Querying a data lake
You can query data in an Amazon S3 data lake. First, you create an external schema to reference the external database in the Amazon Glue Data Catalog. Then, you can query data in the Amazon S3 data lake.
Demo: Query a data lake
To learn how to query a data lake, watch the following video.
Prerequisites
You create an IAM role to access an Amazon Glue Data Catalog enabled for Amazon Lake Formation.
-
Open the IAM console at https://console.amazonaws.cn/iam/
. -
In the navigation pane, choose Policies.
If this is your first time choosing Policies, the Welcome to Managed Policies page appears. Choose Get Started.
-
Choose Create policy.
-
Choose to create the policy on the JSON tab.
-
Paste in the following JSON policy document, which grants access to the Data Catalog but denies the administrator permissions for Lake Formation.
{ "Version": "2012-10-17", "Statement": [ { "Sid": "RedshiftPolicyForLF", "Effect": "Allow", "Action": [ "glue:*", "lakeformation:GetDataAccess" ], "Resource": "*" } ] }
-
When you are finished, choose Review to review the policy. The policy validator reports any syntax errors.
-
On the Review policy page, for Name enter a name for the policy that you are creating, for example, mydatalake_policy. Enter a Description (optional). Review the policy Summary to see the permissions that are granted by your policy. Then choose Create policy to save your work.
After you create a policy, you can create a role and apply the policy.
-
In the navigation pane of the IAM console, choose Roles, and then choose Create role.
-
For Select type of trusted entity, choose Amazon service.
-
Choose the Amazon Redshift service to assume this role.
-
Choose the Redshift Customizable use case for your service. Then choose Next: Permissions.
-
Choose the permissions policy that you created,
mydatalake_policy
, to attach to the role. -
Choose Next: Tagging.
-
Choose Next: Review.
-
For Role name, enter a name for the role, for example, mydatalake_role.
-
(Optional) For Role description, enter a description for the new role.
-
Review the role, and then choose Create role.

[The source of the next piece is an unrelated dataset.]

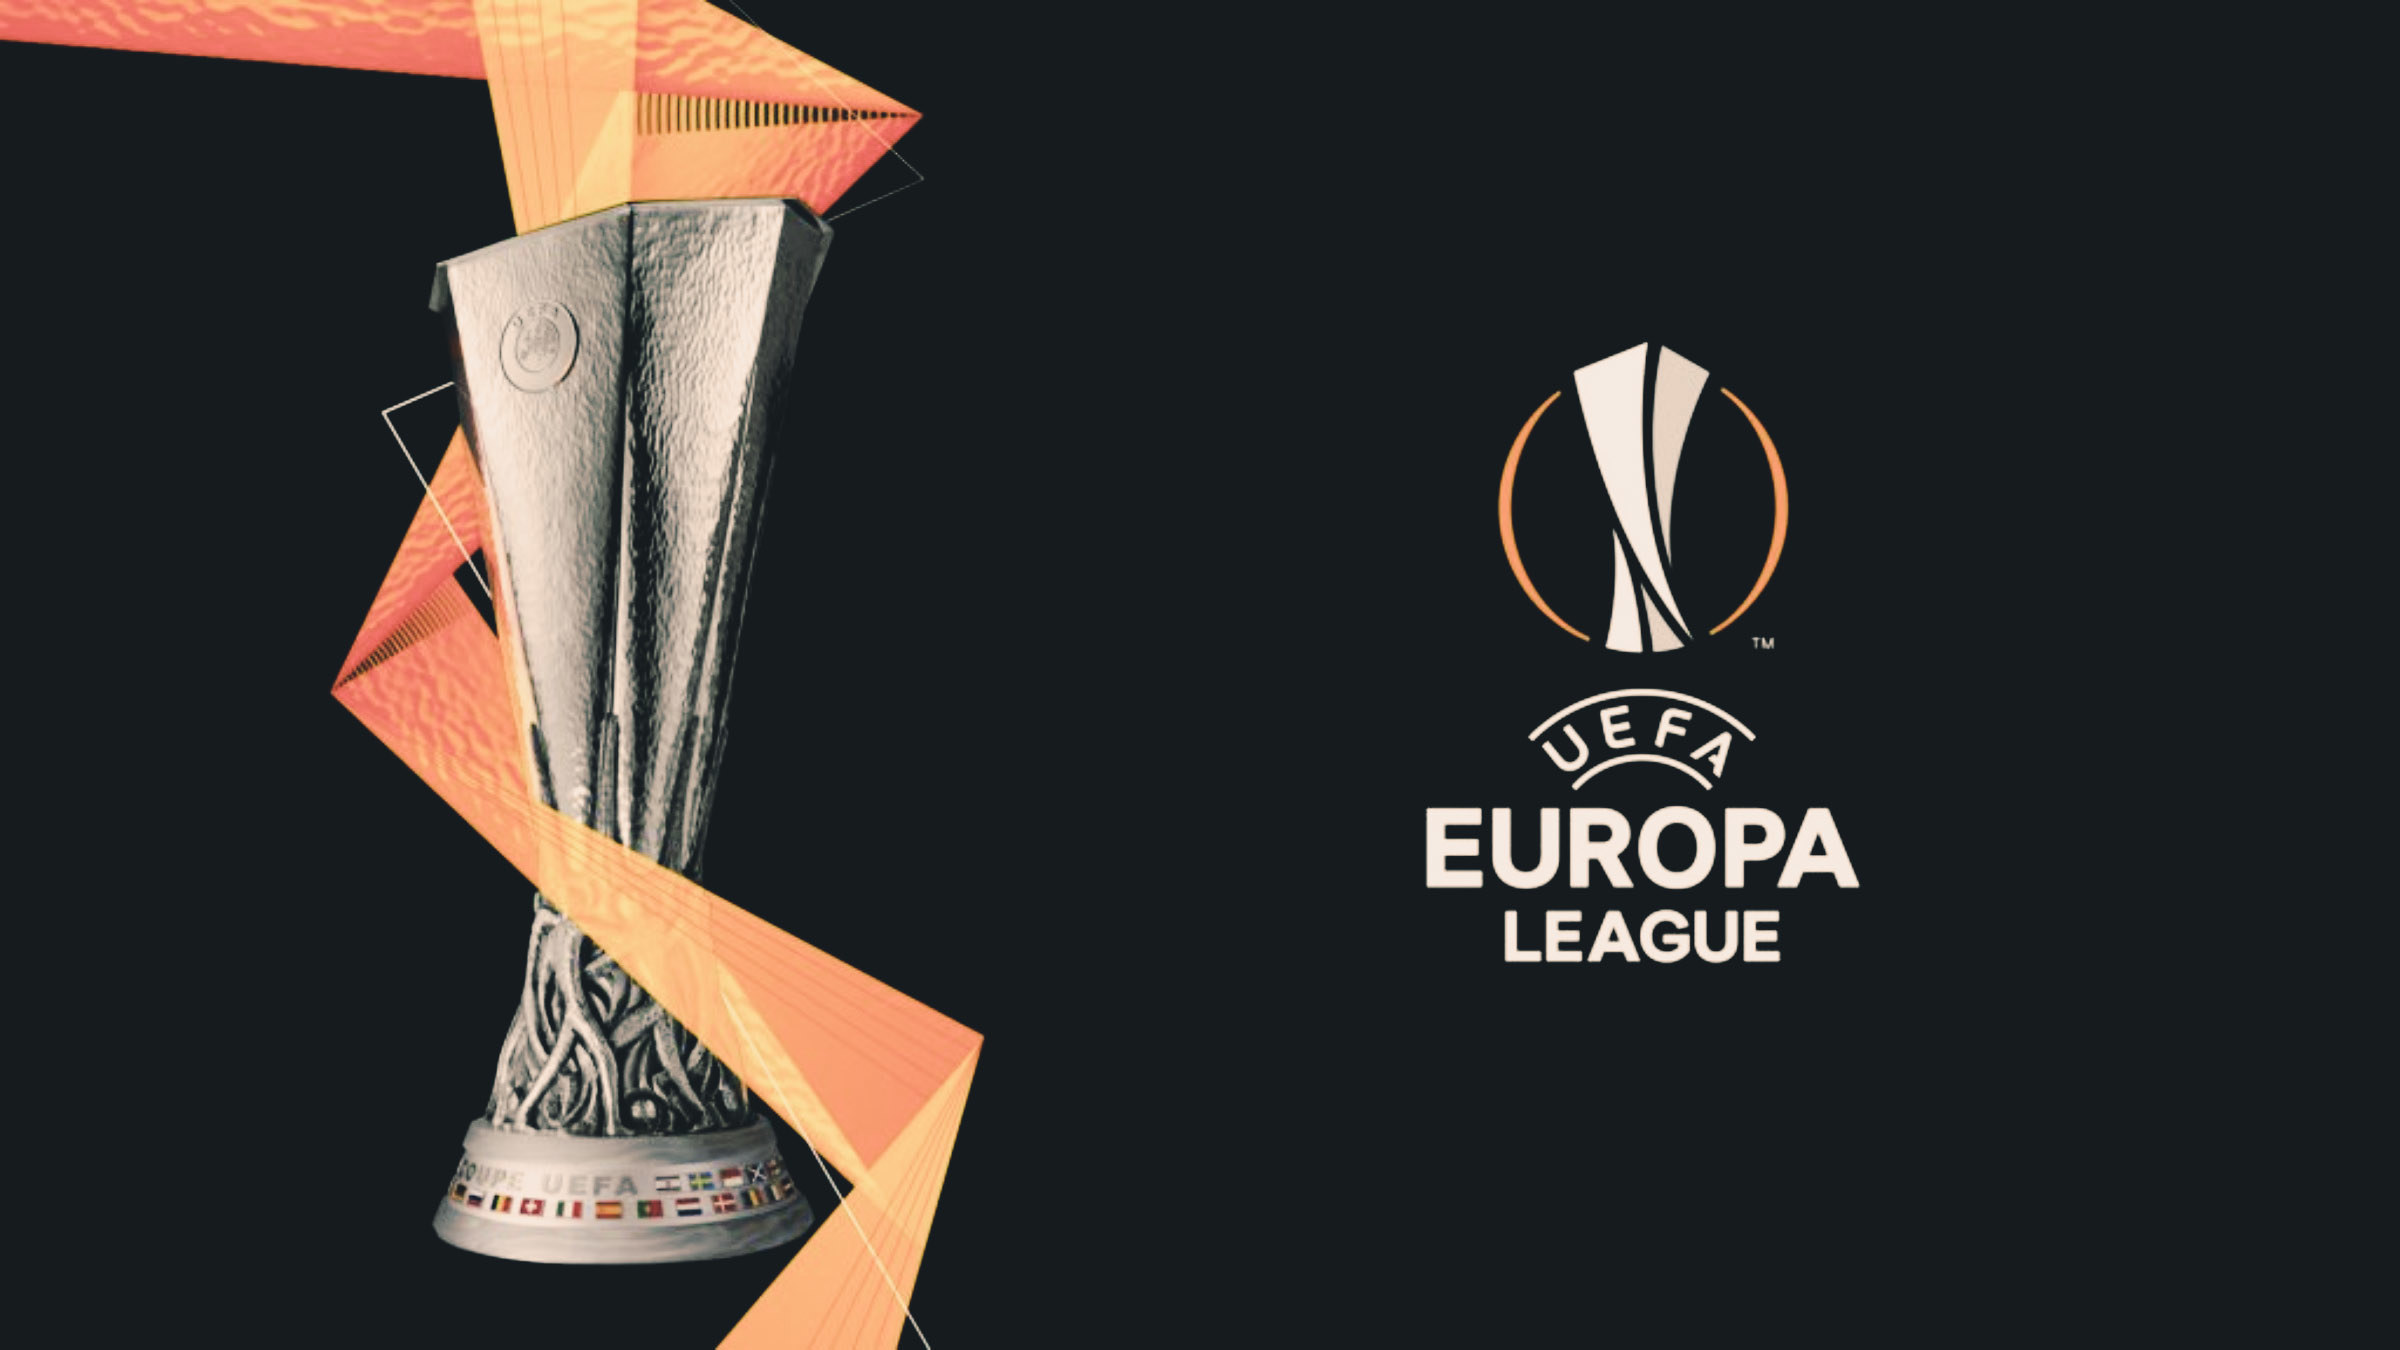 Лига кубок уефа. UEFA Europa League 2022. UEFA Europa League 2021. Лига Европы УЕФА эмблема. UEFA Europa League логотип.

You grant SELECT permissions on the table to query in the Lake Formation database.
-
Open the Lake Formation console at https://console.amazonaws.cn/lakeformation/
. -
In the navigation pane, choose Permissions, and then choose Grant.
-
Provide the following information:
-
For IAM role, choose the IAM role you created,
myspectrum_role
. When you run the Amazon Redshift query editor, it uses this IAM role for permission to the data.Note To grant SELECT permission on the table in a Lake Formation–enabled Data Catalog to query, do the following:
Register the path for the data in Lake Formation.
Grant users permission to that path in Lake Formation.
Created tables can be found in the path registered in Lake Formation.
-
For Database, choose your Lake Formation database.
-
For Table, choose a table within the database to query.
-
For Columns, choose All Columns.
-
Choose the Select permission.
-
-
Choose Save.
As a best practice, allow access only to the underlying Amazon S3 objects through Lake Formation permissions. To prevent unapproved access, remove any permission granted to Amazon S3 objects outside of Lake Formation. If you previously accessed Amazon S3 objects before setting up Lake Formation, remove any IAM policies or bucket permissions that previously were set up. For more information, see Upgrading Amazon Glue Data Permissions to the Amazon Lake Formation Model and Lake Formation Permissions.
Creating the external schema
To query data in an Amazon S3 data lake, you create an external schema. The external schema references the external database in the Amazon Glue Data Catalog.
Choose
Create, and then choose Schema.
Enter a schema name.
To grant ownership of the database to a user, choose Authorize user and choose a user.
Choose External.
Under Amazon Glue Data Catalog details, Region defaults to the Region where your Redshift database is located.
Choose the Amazon Glue database that the external schema will map to.
Choose an IAM role that has the required permissions to query data on Amazon S3.
Choose Create schema.
The schema appears in the database browser.
Querying data in your Amazon S3 data lake
You use the schema that you created in the previous procedure.
In the database browser, choose the schema.
To view a table definition, choose a table.
The table columns and data types display.
To query a table, choose the table and use the context menu (right-click) to choose Select table.